§ What is required
What is needed here is an exact printout of the data, with no pictures included.

§ Dataset extract
● ● ●
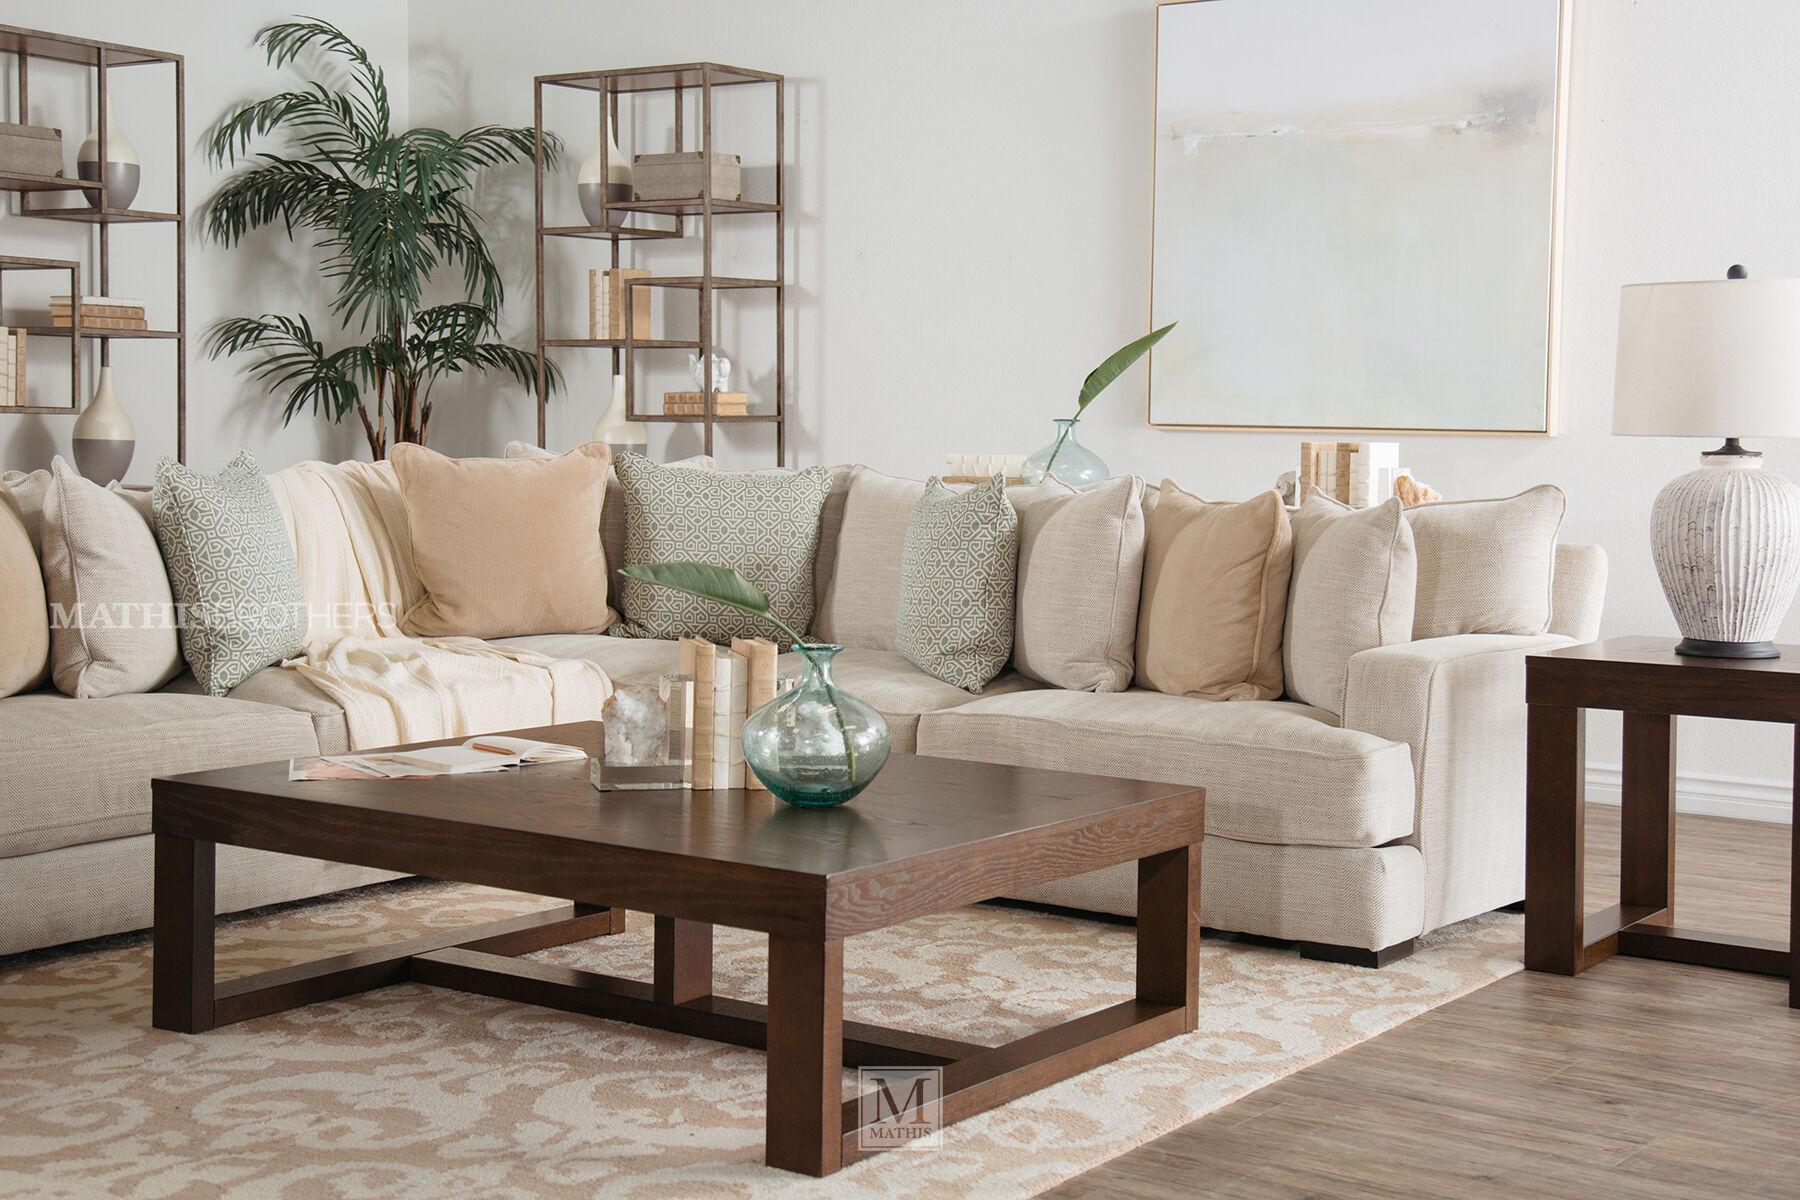 watson sofa table bed lipat jakarta jonathan louis matthew three piece sectional mathis
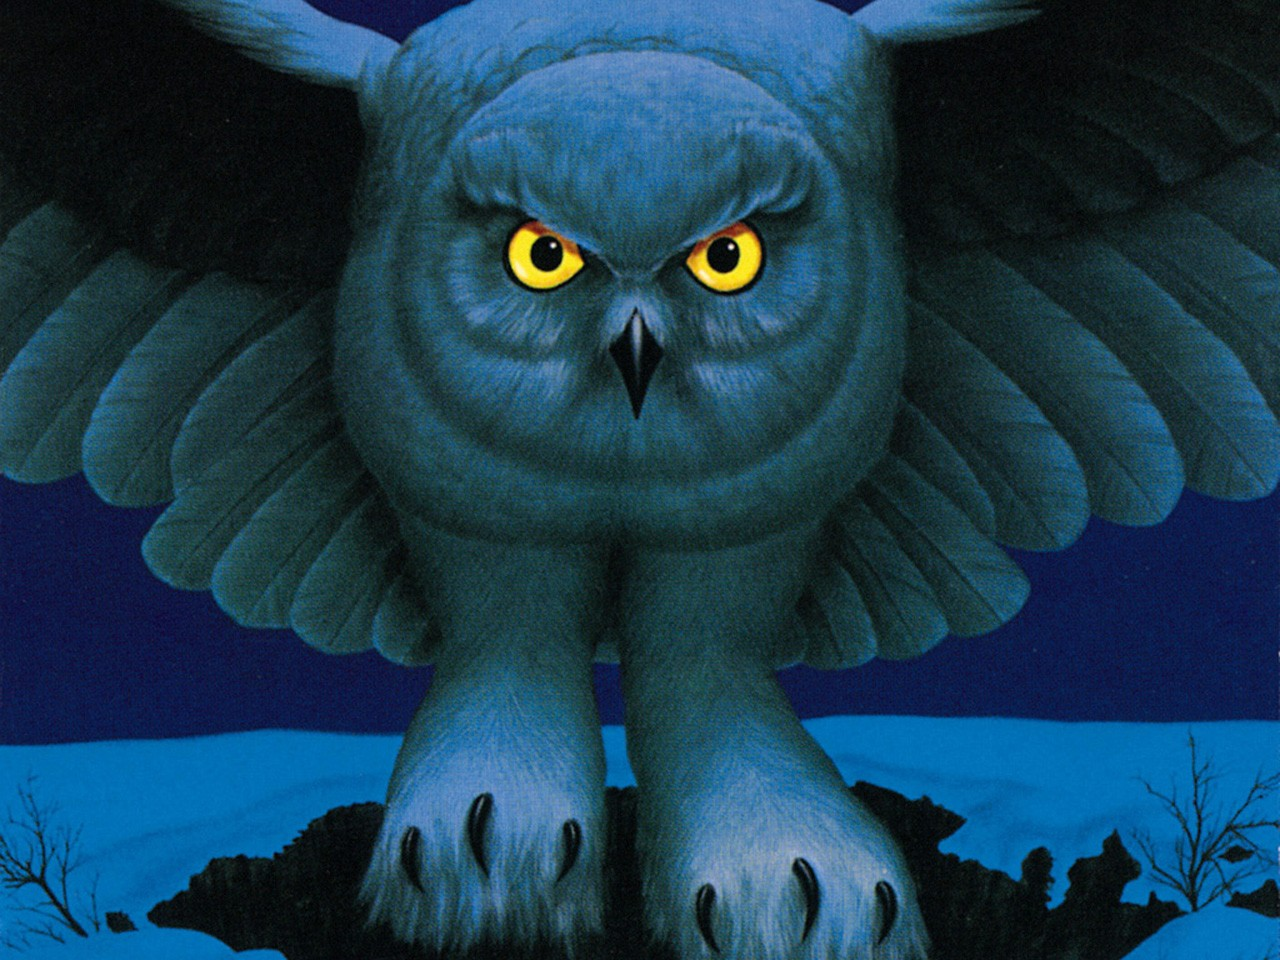 Birds Rush Wallpaper 1280x960 Birds Rush Owls Album Covers Alex 1280x960
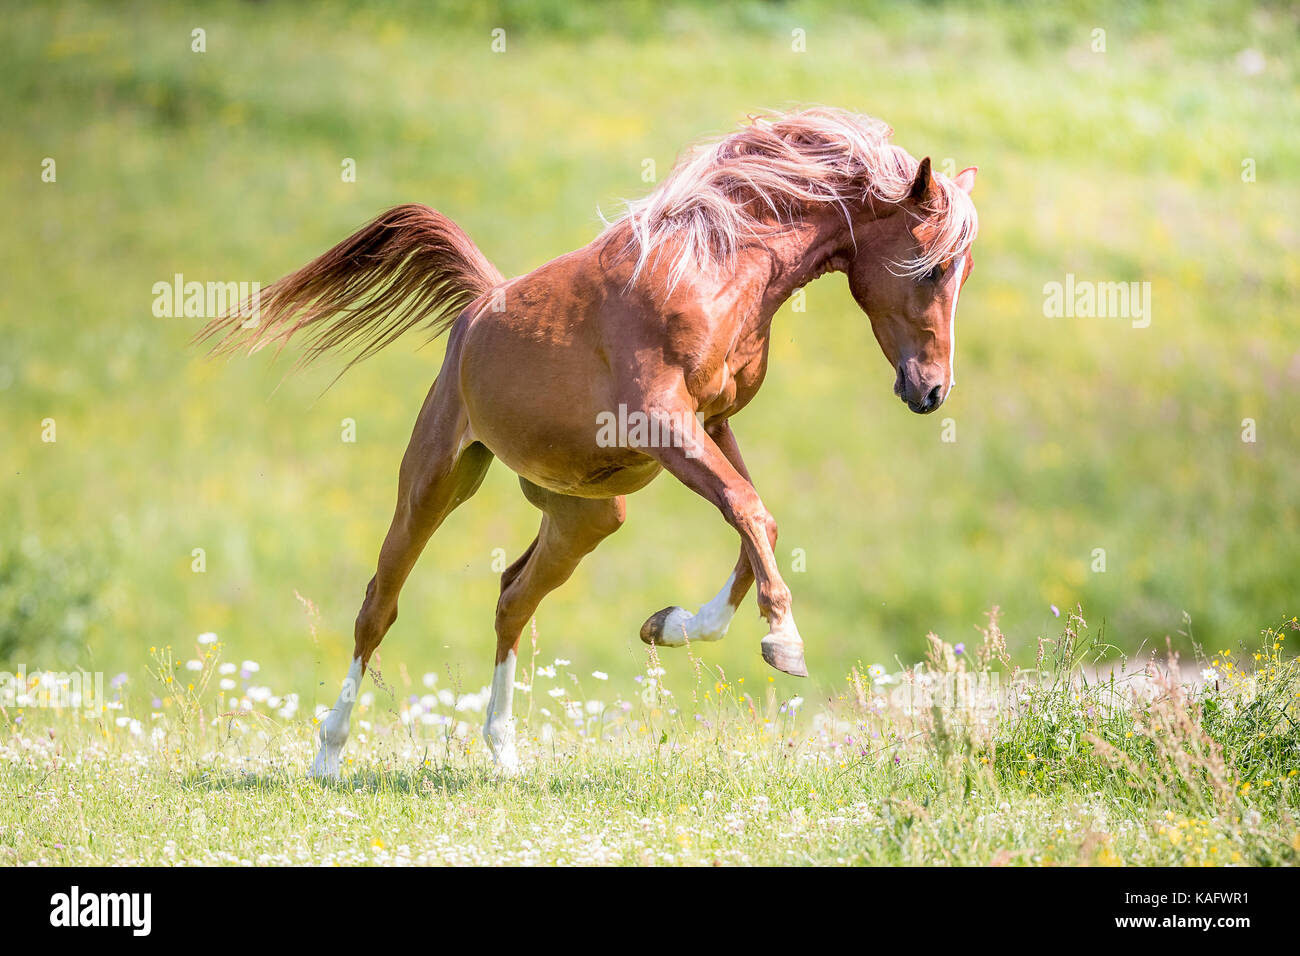 Arabian Horse. Juvenile chestnut stallion leaping on a pasture. Austria - Stock Image
● ● ●
§ Task solution
 watson sofa table bed lipat jakarta jonathan louis matthew three piece sectional mathis
 Birds Rush Wallpaper 1280x960 Birds Rush Owls Album Covers Alex 1280x960
 Arabian Horse. Juvenile chestnut stallion leaping on a pasture. Austria - Stock Image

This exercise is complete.